The upstairs bedroom lost heat, faucets couldn’t be used for drinking water and family members slept near a recalled furnace at night.

“I had to share (a bedroom) with my mom and dad because my bedroom had black mold in it and their bedroom was warmer anyway,” said Andrew Nickless, 8, the youngest son.

While waiting for a transplant, Tim endured countless days in the hospital while trying to take advantage of his “good” days with the kids.

But in early 2008, about seven years after contracting the virus, the adventurous handyman and devoted father figure died.

“There was nothing he didn’t know how to do — except get well,” Arlene said.

The extreme

Before Tim’s death, Arlene started writing letters to ABC about receiving an extreme home makeover, but never finished or sent them. After Tim’s death, a TV commercial following a local news telecast said ABC producers were looking for families worthy of a new home.

By October 2008, the Nickless family was selected and whisked away for a week at Disney World while their house was torn down and rebuilt by hundreds of community volunteers into a fully furnished 3,300-square-foot home.

“I was captivated by the whole build,” said Ed Pierce, a neighbor who watched the construction that week.

The abode featured bedrooms for the boys themed after airplanes and engineering, a play structure, new kitchen and upgrades. The children also were given two-year scholarships from MSU and Lansing Community College.

But when the unveiling was complete and the cameras left Holt, the Nickless’ were surprised by the makeover’s effects.

Gone were the tree house Tim built for the kids and a light-strewn tree that Arlene used to illuminate on the 19th of every month in honor of Tim. When the Nickless’ house was demolished, so were the kids’ memories of their father, which mostly were contained in the home and hospital. Lost in the shuffle of moving all the family’s belongings were family treasures, such as a framed memorial to Tim.

Andrew, the youngest of the children, wanted ABC to come back and reconstruct the family’s old house.

The family also has had to dispute rumors they are losing the house. The community raised about $60,000 to pay the original $140,000 mortgage, but property taxes are expected to triple.

“The hardest thing in all of this are the things that I didn’t expect,” Arlene said. “It rushed the grieving process faster than I was ready for.”

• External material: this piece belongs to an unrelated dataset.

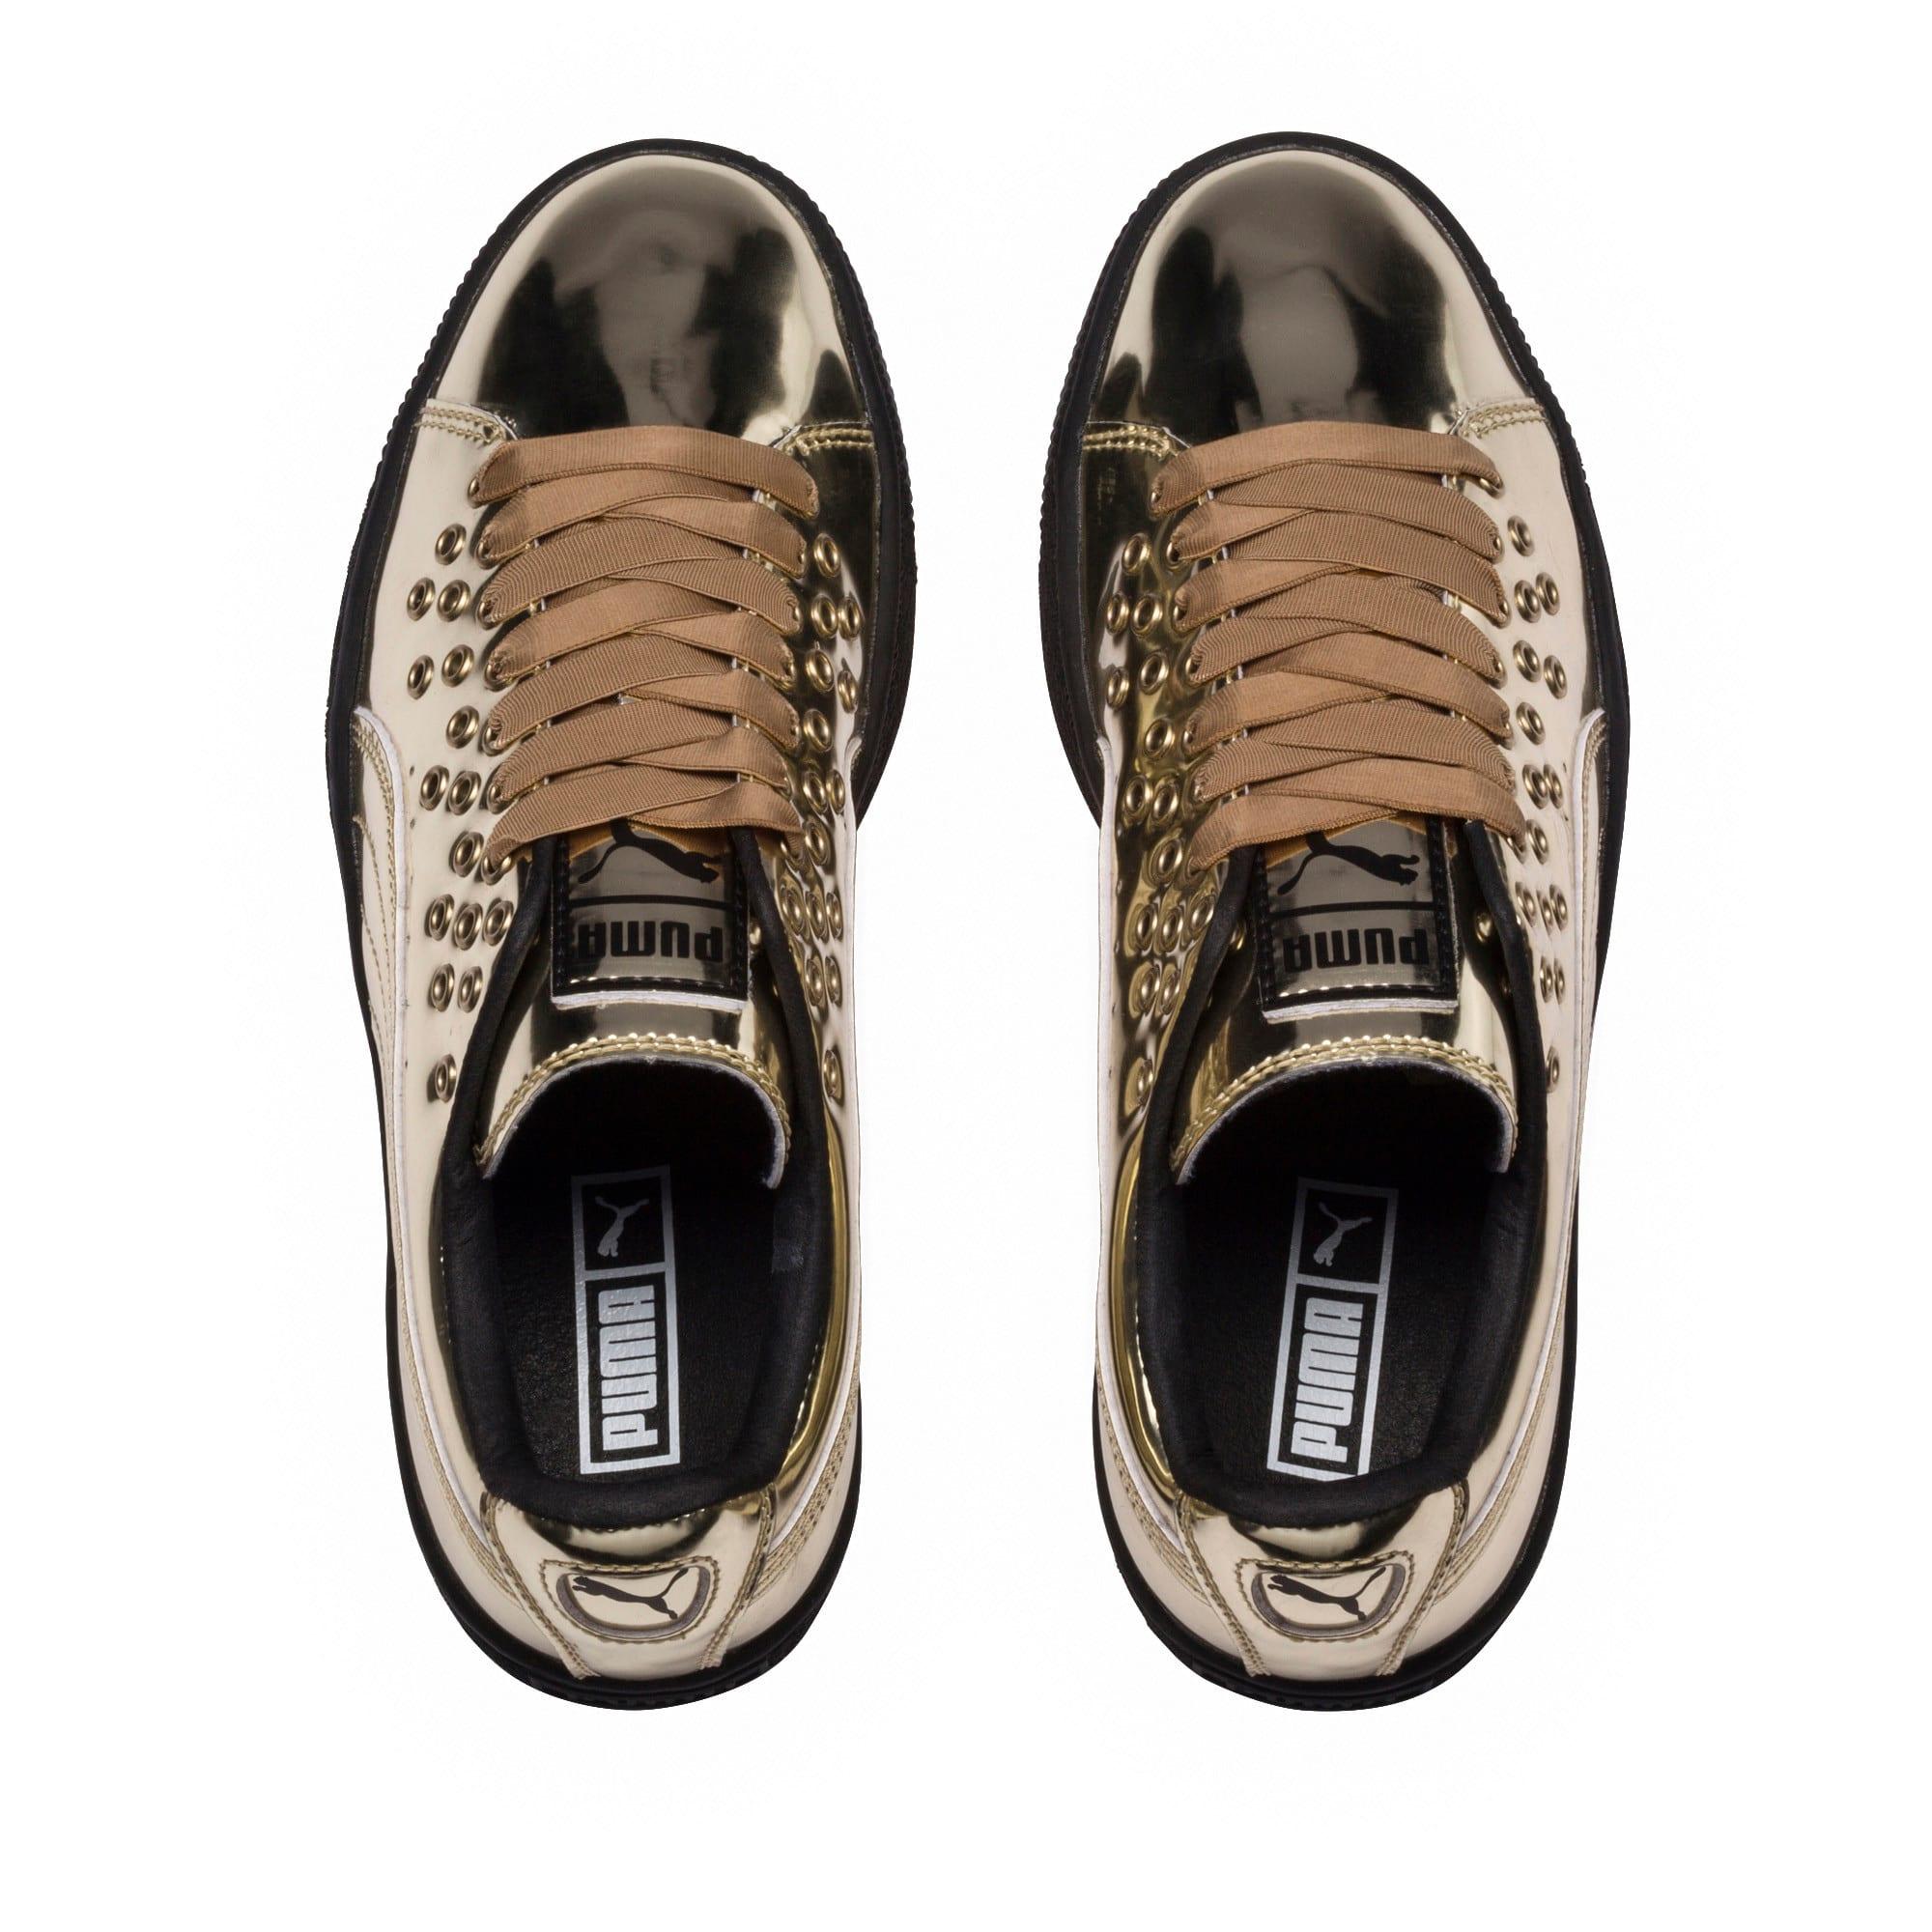 Basket XL Lace Metal Women's Sneakers

At the same time, the family is grateful for the support shown by community members who helped build the house and cheered the family’s return. They remain astounded by the simple things, such as being able to put away a loaf of bread without having to worry about ants or rodents.

After the one-year anniversary of the makeover, Arlene plans to get a slab of marble engraved and placed in the yard, thanking volunteers and those that have supported her, Andrew, Noah, 9, and Aaron, 12.

“The realization that this actually did happen is still going,” Arlene said. “I couldn’t understand why something so precious was taken away from us, but I know there’s something better down the road.”